Wu Peng

Personal information
- Native name: 伍鹏
- Born: 15 October 2002 (age 23) Jiugongqiao, Shaoyang County, Shaoyang, Hunan, China
- Years active: 2022—present

Climbing career
- Type of climber: Competition speed climbing

Sport
- Country: China
- Coached by: Zhong Qixin

Medal record
Men's competition climbing
Representing China
Olympics
| Silver medal – second place | 2024 Paris | Speed |
World Cup
| Gold medal – first place | 2023 Wujiang | Speed |
| Gold medal – first place | 2024 Wujiang | Speed |
| Silver medal – second place | 2022 Villars | Speed |
| Silver medal – second place | 2023 Salt Lake City | Speed |
Asian Championships
| Gold medal – first place | 2024 Tai'an | Speed |
Asian Games
| Gold medal – first place | 2022 Hangzhou | Speed relay |

= Wu Peng (climber) =

Chinese speed climber

Wu Peng (伍鹏 (伍鵬, Wǔ Péng); born 15 October 2002) is a Chinese competition speed climber. He represented China at the 2024 Summer Olympics and won a silver medal in the men's speed event.

==Career==
Wu competed at the 2023 IFSC Climbing World Championships and finished in sixth place. He finished the 2023 IFSC Climbing World Cup season in second place.

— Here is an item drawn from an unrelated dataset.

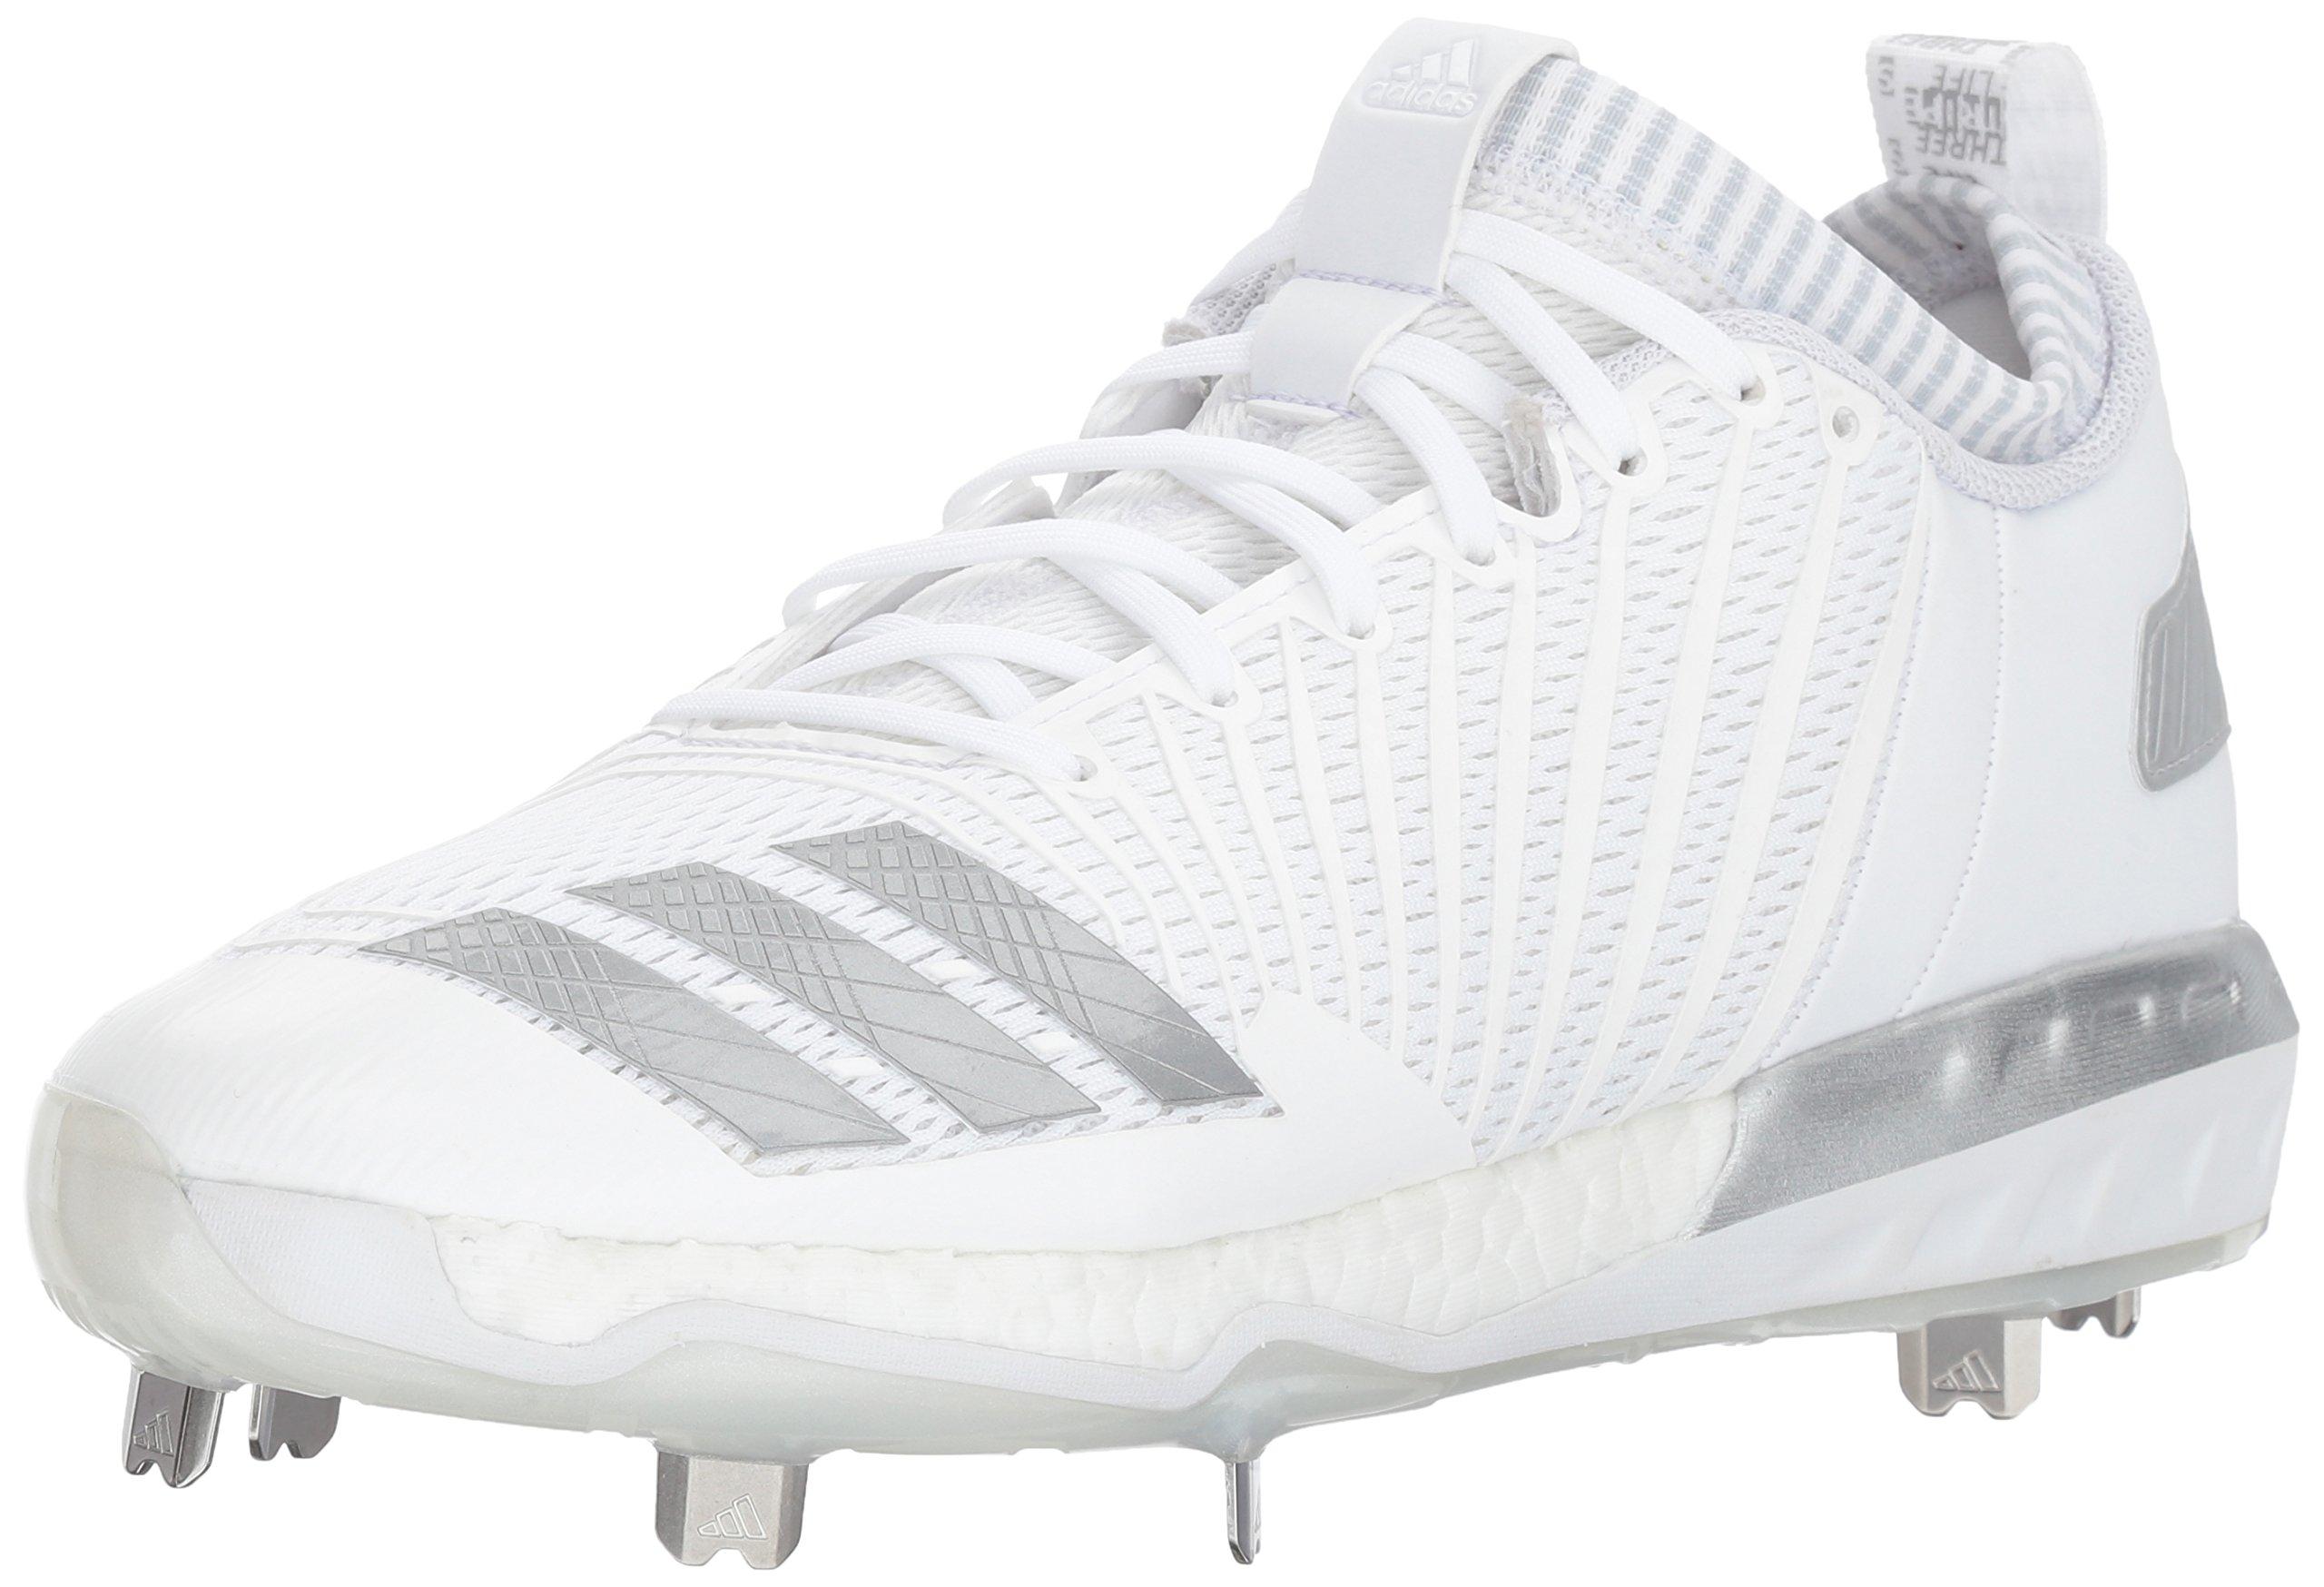 info for a9e0b 6a7ee Galleon - Adidas Men s Freak X Carbon Mid Baseball Shoe White Metallic  Silver Light Grey 12 Medium US

During the first leg of 2024 Olympic Qualifier Series in Shanghai, Wu finished in second place. He had the fastest time of qualifying during his first attempt, finishing in 4.94 seconds. During the second leg of the Olympic Qualifier Series in Budapest, Wu finished in first place with an Asian record time of 4.90 seconds, and just 0.04 seconds shy of tying Sam Watson's world record time.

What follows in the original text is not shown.